Kini, kendali reputasi Polri ada di tangan Polri sendiri. Mau tak mau Polri perlu mengambil langkah strategis dan nyata untuk mengembalikan kepercayaan publik. Menurut hemat penulis, langkah terdini yang perlu diambil adalah menuntaskan kasus meninggalnya Brigadir J ini. Apapun risiko yang akan diperoleh, kejelasan dan kepastian kasus ini harus diusut tanpa pandang bulu. Terlebih, kasus ini telah melebar kemana-mana hingga memunculkan kubu-kubu tertentu yang bukan tidak mungkin akan mendorong timbulnya konflik baru. Keputusan Kapolri Jenderal Listyo Sigit untuk memecat Irjen Ferdy Sambo sejauh ini adalah langkah tepat. Tindakan Kapolri merepresentasikan keberpihakan Polri kepada penanganan kasus hukum yang harus benar-benar murni dari campur tangan elit pejabat.
Tak boleh lengah
Di sisi lain, meski Polri kini dituntut fokus pada penyelesaian atas kasus ini, penanganan terhadap kasus-kasus lain tak boleh kendor. Penindakan terhadap perilaku yang melanggar hukum harus diproses sesuai dengan peraturan yang ada dan ditindak tegas. Jangan sampai situasi ini dimanfaatkan para “tikus dan bajingan” negara untuk makin leluasa melancarkan aksinya. Penulis meyakini bahwa koruptor, penyuap, dan pengembat aset negara masih banyak yang berkeliaran menghirup udara bebas tanpa sedikitpun rasa khawatir akan digeruduk Polisi.

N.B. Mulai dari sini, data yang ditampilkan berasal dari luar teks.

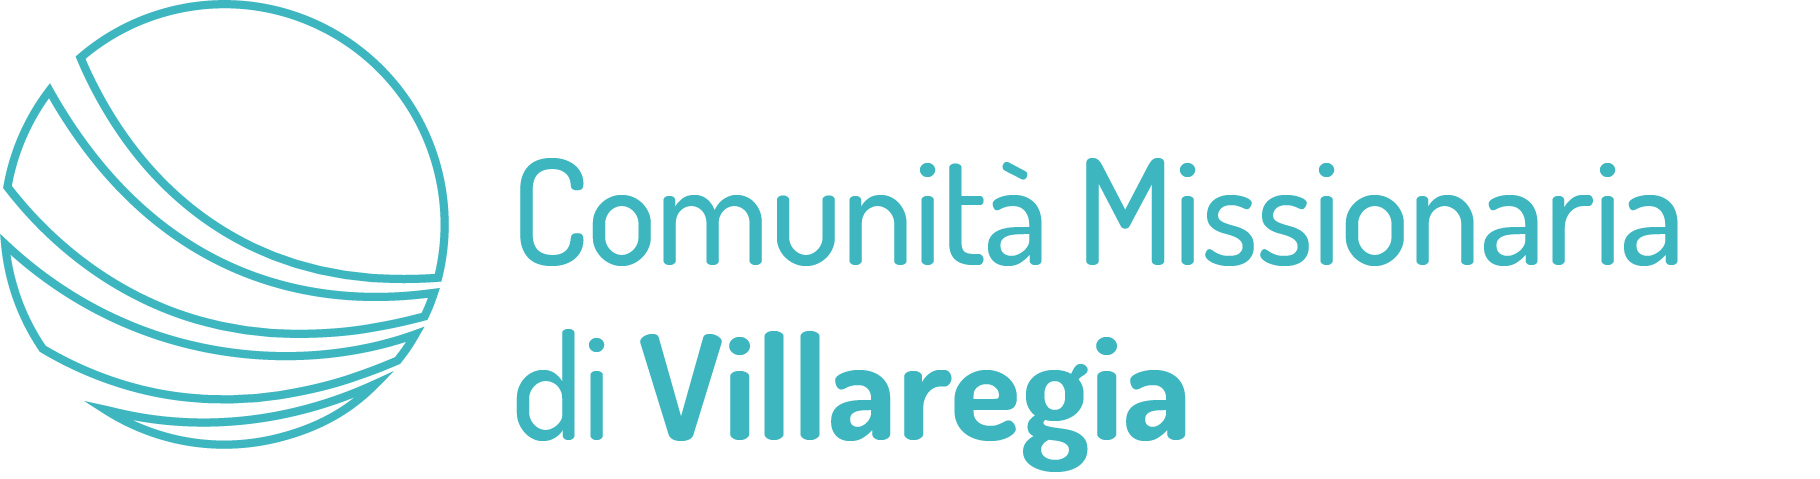 Comunità Missionaria di Villaregia - Italia

Alhasil, koordinasi, kolaborasi, dan sinergi Polri bersama lembaga pemerintahan lain perlu terus dipupuk. Selain untuk menguatkan upaya penegakan hukum, sinergitas bersama juga akan mendorong rasa kebersamaan antar sesama institusi negara. Publik tentu tidak mengharapkan bila situasi pelik yang kini mendera Polri dibiarkan begitu saja oleh institusi yang lain tanpa adanya dukungan maupun bentuk sumbangsih lain. Meski ini memang kasus internal, kehadiran institusi lain untuk turut membantu menyelesaikan perkara ini tentu akan menjadi energi positif di mata publik. Saatnya bagi Polri untuk kembali bangkit dari keterpurukan dengan saling bahu-membahu bersama lembaga negara dan masyarakat . Sebagaimana tagline G20, “Recover together, Recover stronger.”
Come on Polri!
Disarikan dari berbagai sumber seperti BBC, Kompas, Liputan6, dan media lain.